Data segment:

Segment Open

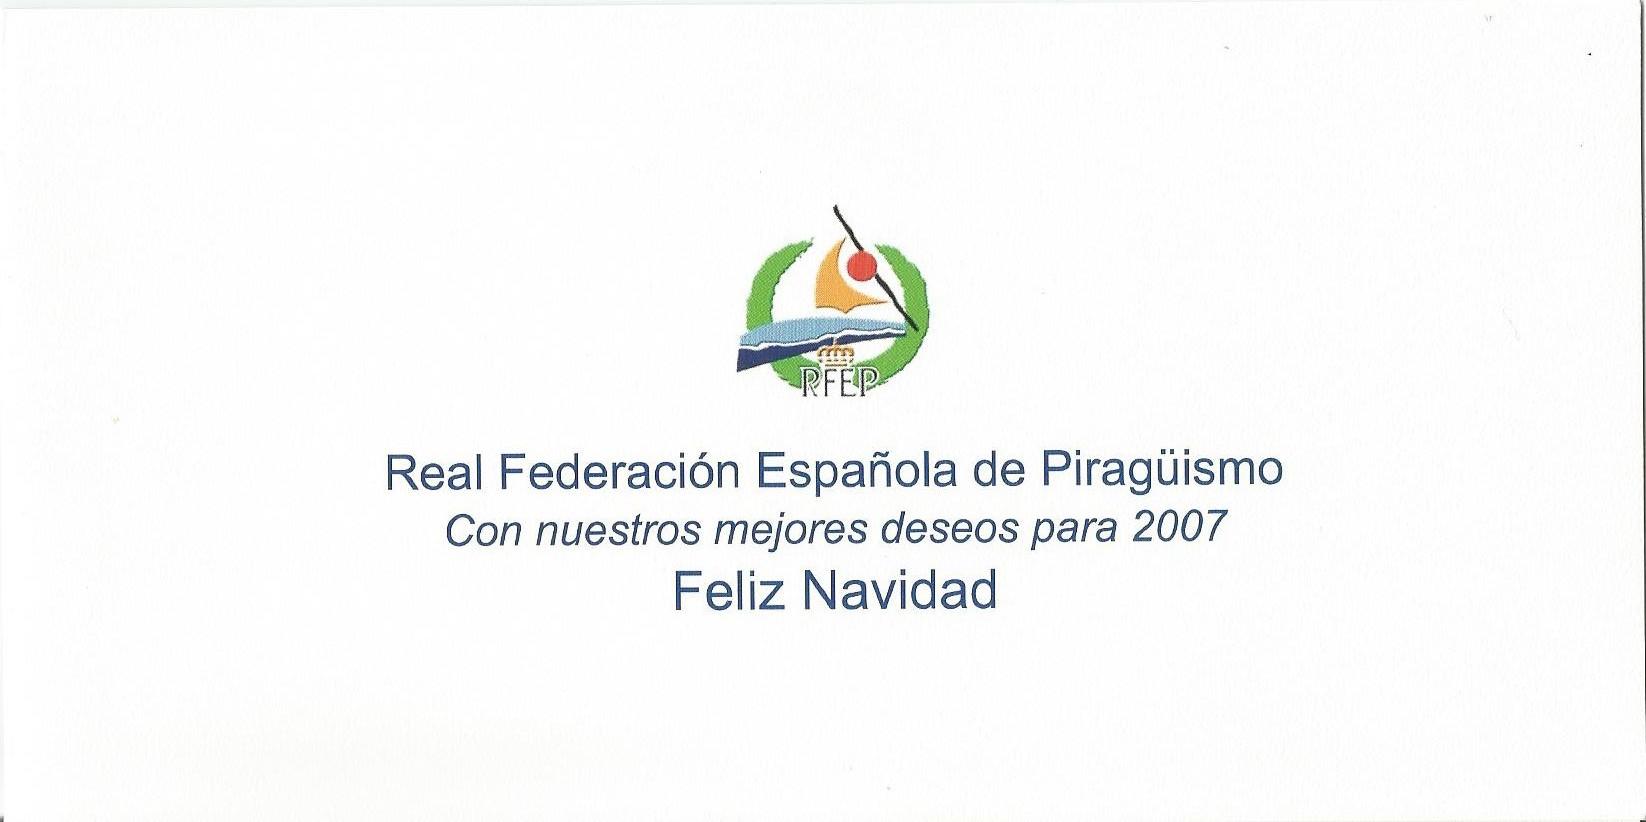 CHRISTMAS RFEP 2006 REVERSO
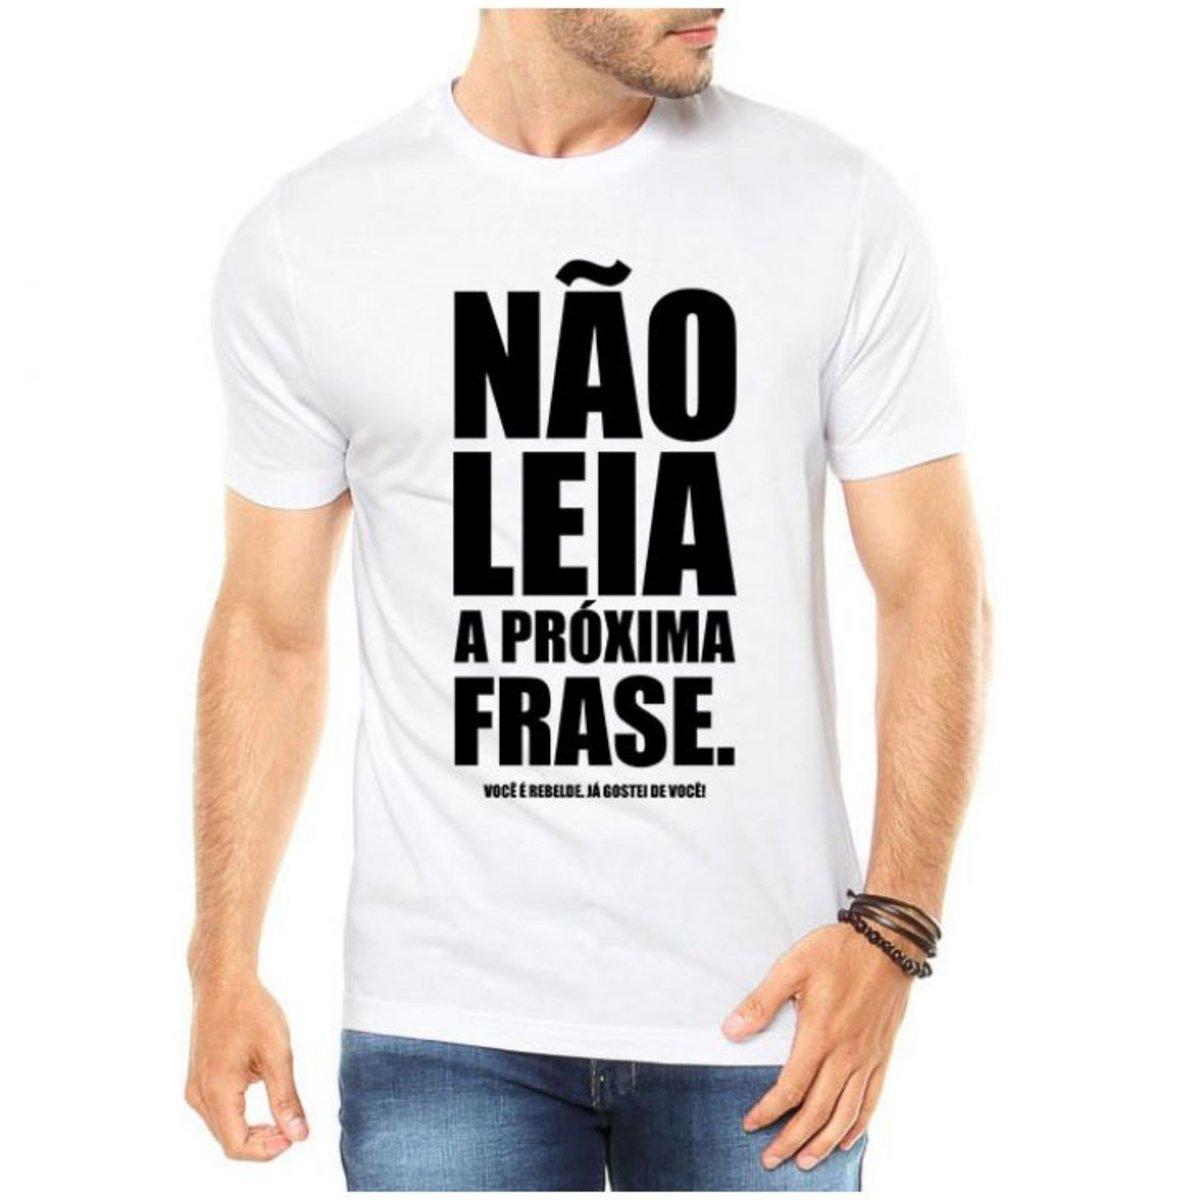 Camiseta Criativa Urbana Frases Engraçadas Não Leia - Branco - Compre Agora   dd4d8b56a1c
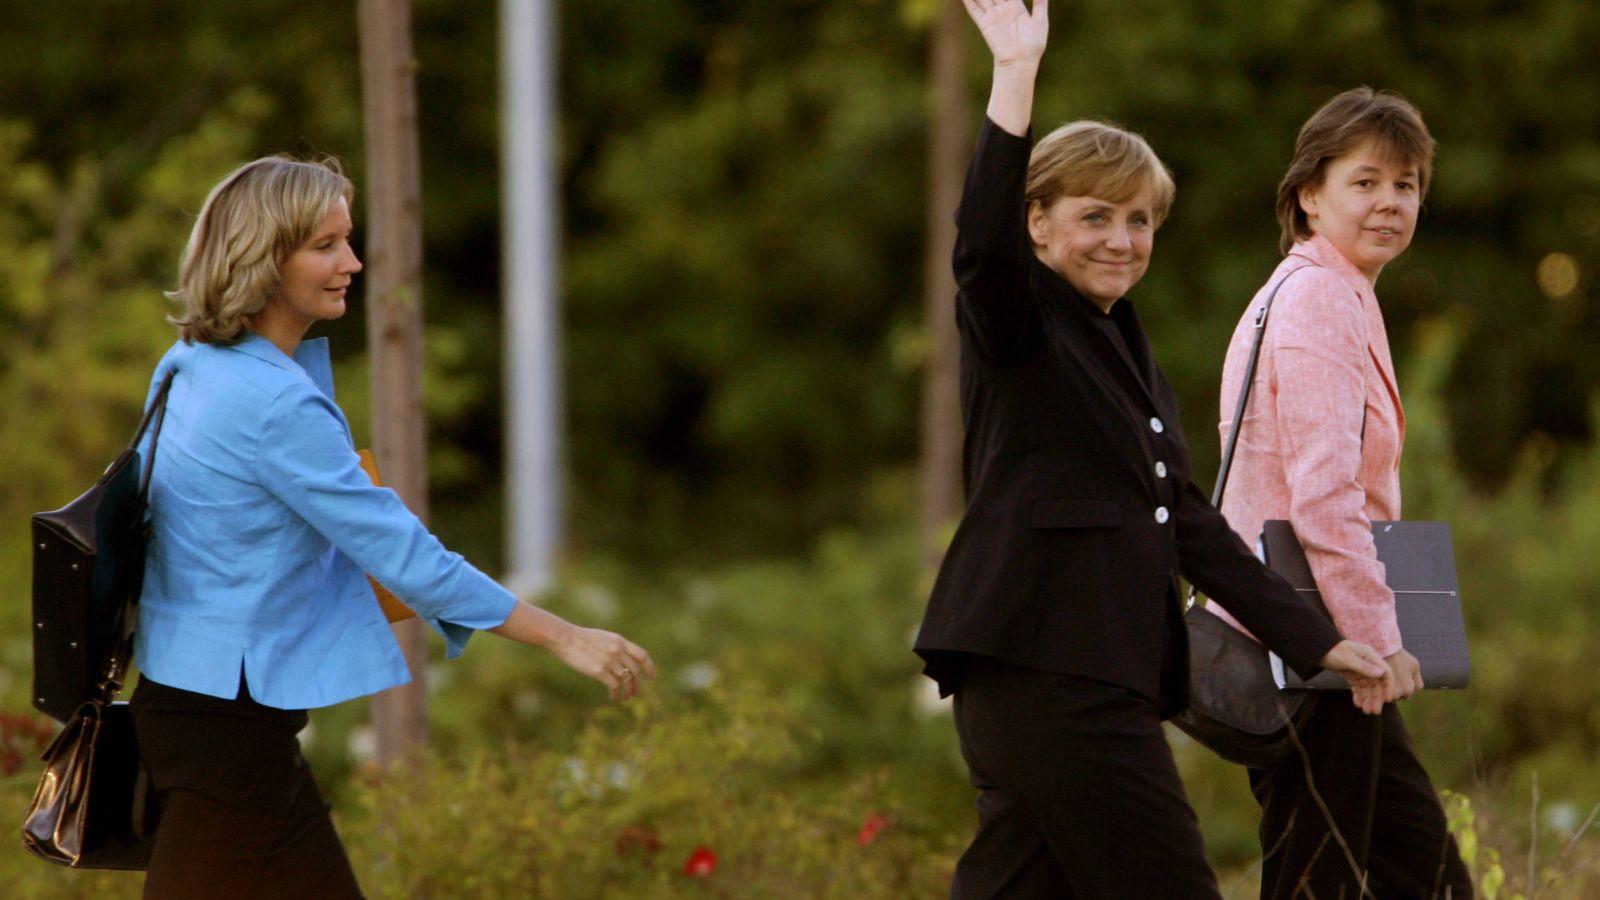 Foto: Angela Merkel junto a su asesora Beate Baumann (derecha) y su portavoz Eva Christiansen (izquierda), en 2005. (Reuters)
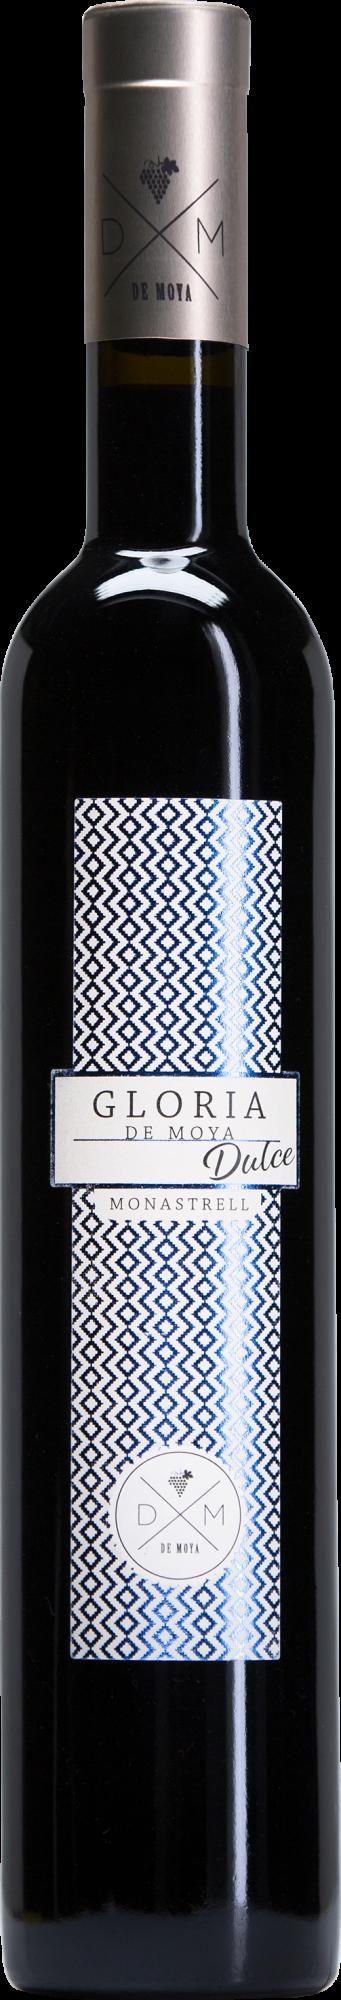 """Bodega de Moya – Gloria """"DULCE"""""""

Segment Closed

About this task:
What is needed is an exact copy of the data, without any pictures.

Result of the exercise:
 CHRISTMAS RFEP 2006 REVERSO
 Camiseta Criativa Urbana Frases Engraçadas Não Leia - Branco - Compre Agora   dd4d8b56a1c
 Foto: Angela Merkel junto a su asesora Beate Baumann (derecha) y su portavoz Eva Christiansen (izquierda), en 2005. (Reuters)
 """Bodega de Moya – Gloria """"DULCE"""""""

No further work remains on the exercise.